Bab 1

77 1 0
                                    

Surabaya, 2005

Banyak fresh graduate mengincar posisi di perusahaan multinasional. Mereka bermimpi bekerja di kantor berlantai puluhan dengan dinding kaca. Ada kebanggaan tersendiri mengenakan kemeja lengan panjang dengan dasi bak professional muda, dan menemui klien di hotel berbintang lima.

Michael tidak. Dengan percaya diri, setiap hari ia akan turun ke toko yang berada di lantai satu ruko tempat keluarganya tinggal. Berseragam kaus polo, celana jins, dan senyum lebar, ia siap memimpin belasan pegawai untuk melayani pelanggan. "Kantor"nya adalah meja kayu besar dan kursi jati tua di sudut toko, dihiasi kipas angin standing yang mungkin lebih tua dari dirinya dan tape radio yang memperdengarkan suara Teresa Teng, penyanyi favorit papanya.

Tak sedikit orang yang menyayangkan pilihan Michael. Setelah lulus dengan predikat memuaskan dari universitas swasta yang ternama di Surabaya, alih-alih menjadi Pak Michael, manager kantor yang dihormati, ia memilih dikenal sebagai Ming –nama Mandarin-nya, tangan kanan dan anak Koh Ah Lung.

Eman-eman, Nyo. Wes jadi sarjana kok cuma jaga toko papa e? Sayang sekali, Nyo. Sudah jadi sarjana, kok cuma jaga toko papanya?

Kebanyakan pelanggan toko akan berkomentar demikian, menyayangkan keberadaannya di toko ketika menjumpai Ming melayani mereka.

Namun, Ming juga tahu, di belakangnya ada banyak saudara dan kerabat papa dan mamanya yang sering memberi pujian.
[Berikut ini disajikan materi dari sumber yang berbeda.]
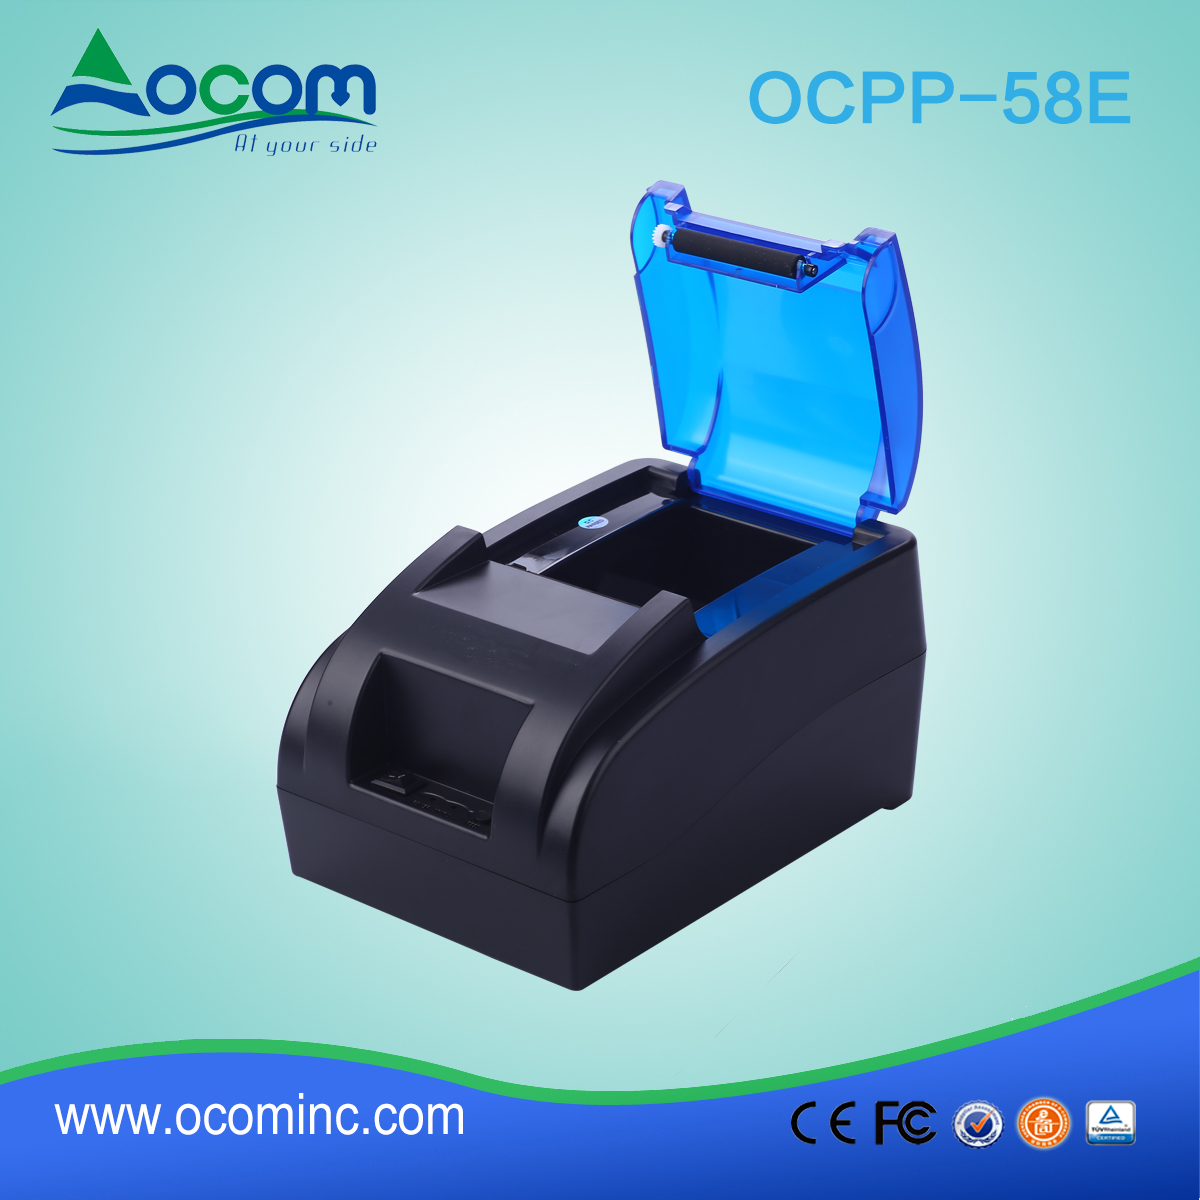 Impressora de recibos térmica OCPP -58E-U de 58 mm com adaptador de energia integrado
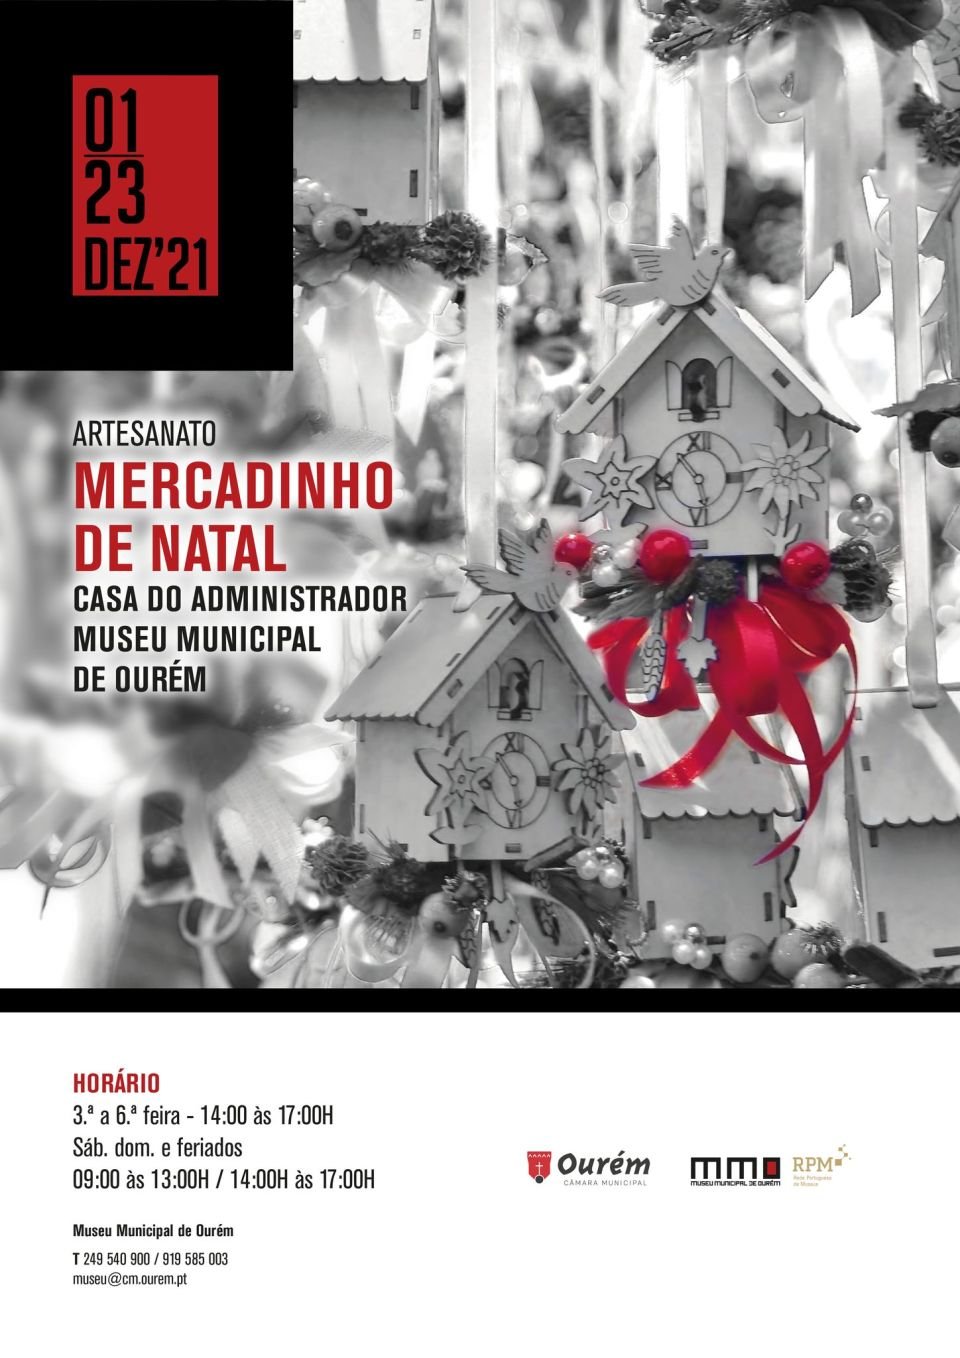 MERCADINHO DE NATAL NO MUSEU

Banyak juga yang menjadikannya sebagai teladan bagi anak dan cucu mereka.

Kamu niruo Ko Ming. Masio lulus S1, mau nurut orang tua, nerusno usaha keluarga. Tirulah Ko Ming. Walaupun lulusan S1, ia patuh pada orang tua, meneruskan usaha keluarga.

Ming itu lo ndak jiao ao, ndak gengsian. Panas-panas ndek toko ya ndak sambat. Ciamik pol! Ming itu lo tidak sombong dan tidak gengsi. Walaupun panas-panasan di toko, tidak mengeluh. Hebat banget!

Tak mengapa setiap hari hanya mengenakan kaus, jins, dan sandal gunung. Asalkan papanya puas, ia tak keberatan. Lagi pula, dengan jam kerja yang fleksibel, ia jadi punya banyak waktu untuk Jessica, pacarnya sejak SMA.

Seakan punya kemampuan telepati, ponsel Ming berdering. Nama Jessica tertera di layar.

Ia tersenyum lalu menekan tombol berwarna hijau.

"Halo, Jes."

"Morning, Yang. Nanti siang jadi anter aku?"

"Semoga bisa on time ya. Kalo toko rame, aku nggak berani ninggal."

"Lo, kita wes janjian lama. Masa kamu lebih mentingin toko daripada aku?"

"Bukan gitu, Jes. Kalo siang nggak sempat, kita masih bisa pergi sore, setelah tutup toko, 'kan? Aku nggak enak sama Papa kalo ninggal pas lagi rame."

Tidak ada jawaban dari Jessica. Ming mulai mengangkat tumit kaki kanannya, lalu menggerakkannya tak sabar. Ia khawatir pacarnya ngambek. Namun, di sisi lain, ia juga ingin Jessica memahami ia tak bisa meninggalkan tanggung jawabnya.

"Jes, jangan ngambek, dong. Nanti pasti aku temani cari sepatu," bujuk Ming.

Helaan napas kasar terdengar dari seberang.

"Ya. Awas kamu nggak temani aku sampai ketemu sepatunya. Acara Ce Jennie itu minggu depan, Yang," ancam Jessica ketus.

Ming tersenyum simpul. Bagi Jessica, penampilan adalah segalanya, terutama untuk acara khusus keluarga mereka. Acara pertunangan kakaknya tidak terkecuali.

"Iya, aku tahu. Princess Jessica jangan ngambek, ya? Nanti aku beliin es krim favoritmu."

"Duh, aku gendutan, Yang. Gara-gara kamu ajak makan terus. Kemarin ngepas gaun udah agak kesempitan."